Óscar Dominguez, Autorretrato, 1926
Spanish artist Oscar Dominguez was born at Tenerife in the Canary Islands to a prosperous agriculturist and a mother who died of when he was only a year old. Mostly brought up by his sisters and his grandmother, at the age of three he fell ill with Sydenham’s chorea leaving him bedridden for the following two years. It was after his recovery that he began drawing and painting. Of his cultured father, Dominguez would gratefully declare “Il etait agronome, ingenieur, peintre, mecanicien. C’est lui qui m’a d’ailleurs appris a peindre” (He was a farmer, engineer, painter, and technician. It was he who taught me to paint). It was his well-travelled father who brought Dominguez presents like cameras, binoculars, and telescopes from across Europe. At the age of twelve Dominguez began studying at the Instituto de Segunda Ensenanza de La Laguna in Tenerife, although he eventually left without sitting his final exams.

Sent at the age of nineteen by his father to Paris to run the family business there, Dominquez soon immersed himself in the rich and exciting nightlife of 1920s Paris, later beginning an affair with the Polish pianist Roma. Initially belonging to the Spanish literary and artistic group 'Generacion del 27', from his studio in Montmatre during the 1930s Dominguez became integral to the Surrealist movements inner circle. He regularly began exhibiting his work, notably at the Surrealist’s London exhibition of 1936. Whilst he often used vivid colour, much of his work is dark and grotesque (particularly a 1931 self-portrait showing his deformed arms with wrists cut open; a frightening presage of his later suicide).
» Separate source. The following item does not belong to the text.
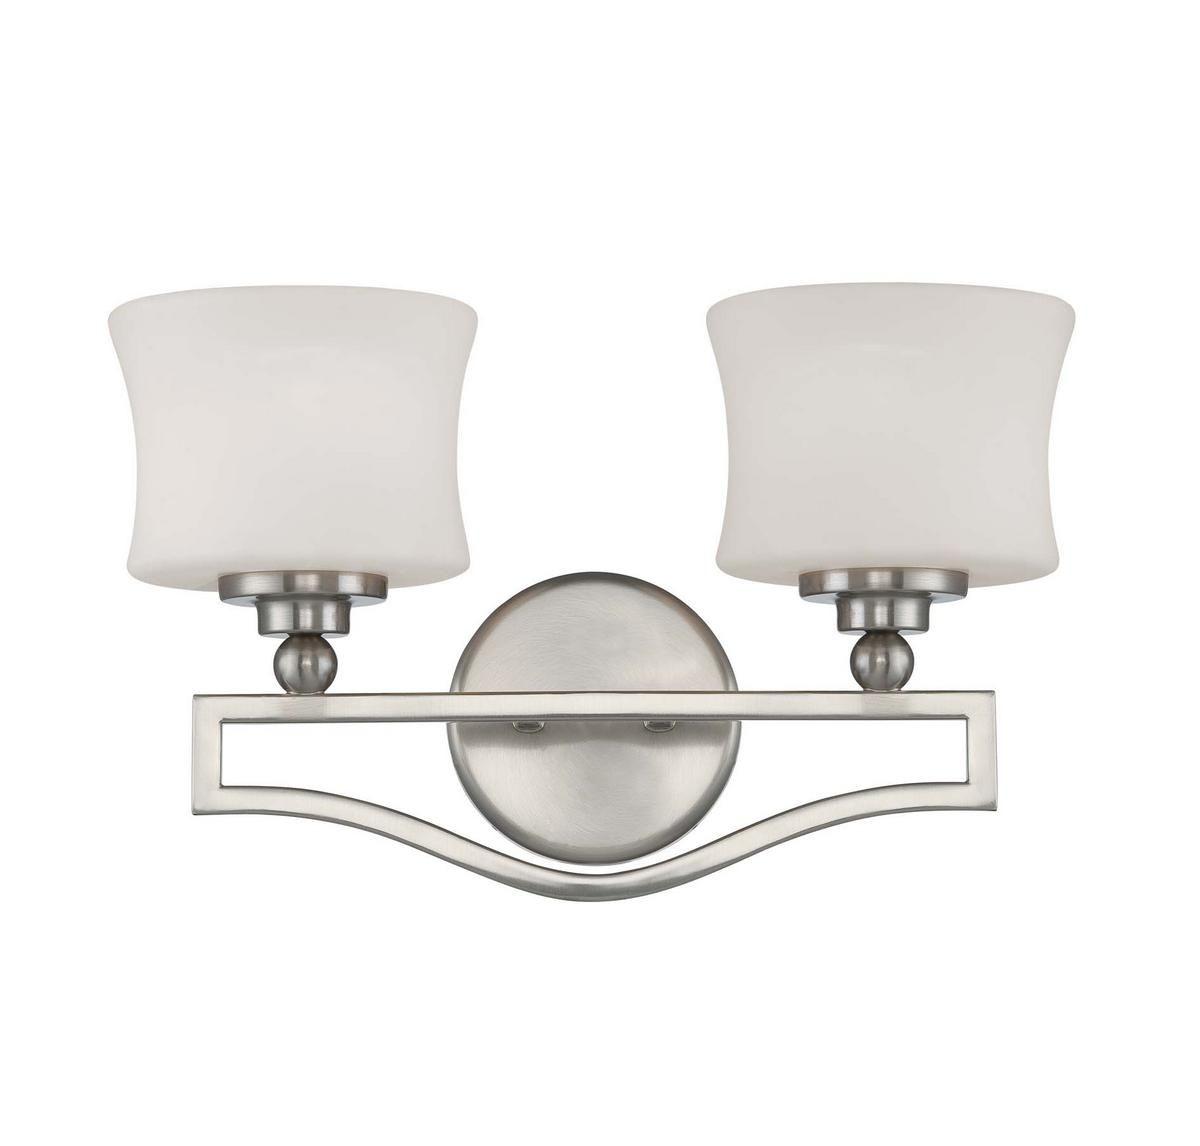 huge selection of 84a8c ed491 Savoy House Terrell 2-Light Bathroom Vanity Light in Satin Nickel

Visiting Barcelona at the outbreak of the Spanish Civil War, Dominguez fled to Tenerife from whence he was able to return to France with false papers on a boat transporting fruit. His work began undergoing changes at around this time, experimenting with 'Decalcomania' a technique by which engravings and prints are transferred to pottery or other materials, his work increasingly influenced by Picasso. Escaping to Marseille at the outbreak of the Second World War, he returning in to Paris in 1945 when he married the artist Maud Bonneaud and formally broke with the Surrealists. The influence of Picasso is particularly evident in Composición con Fondo Azul (1949) and Corrida II and Tauromaquia (both 1951). In 1952, Dominguez began an affair with Marie-Laure, Viscountess of Noaille. However, at the same time he began suffering from acromegaly, leaving him in pain and delirium. In his depression, and in the midst of a party at Marie-Laure’s home, Dominguez committed suicide by retiring to her bathroom and slitting his veins.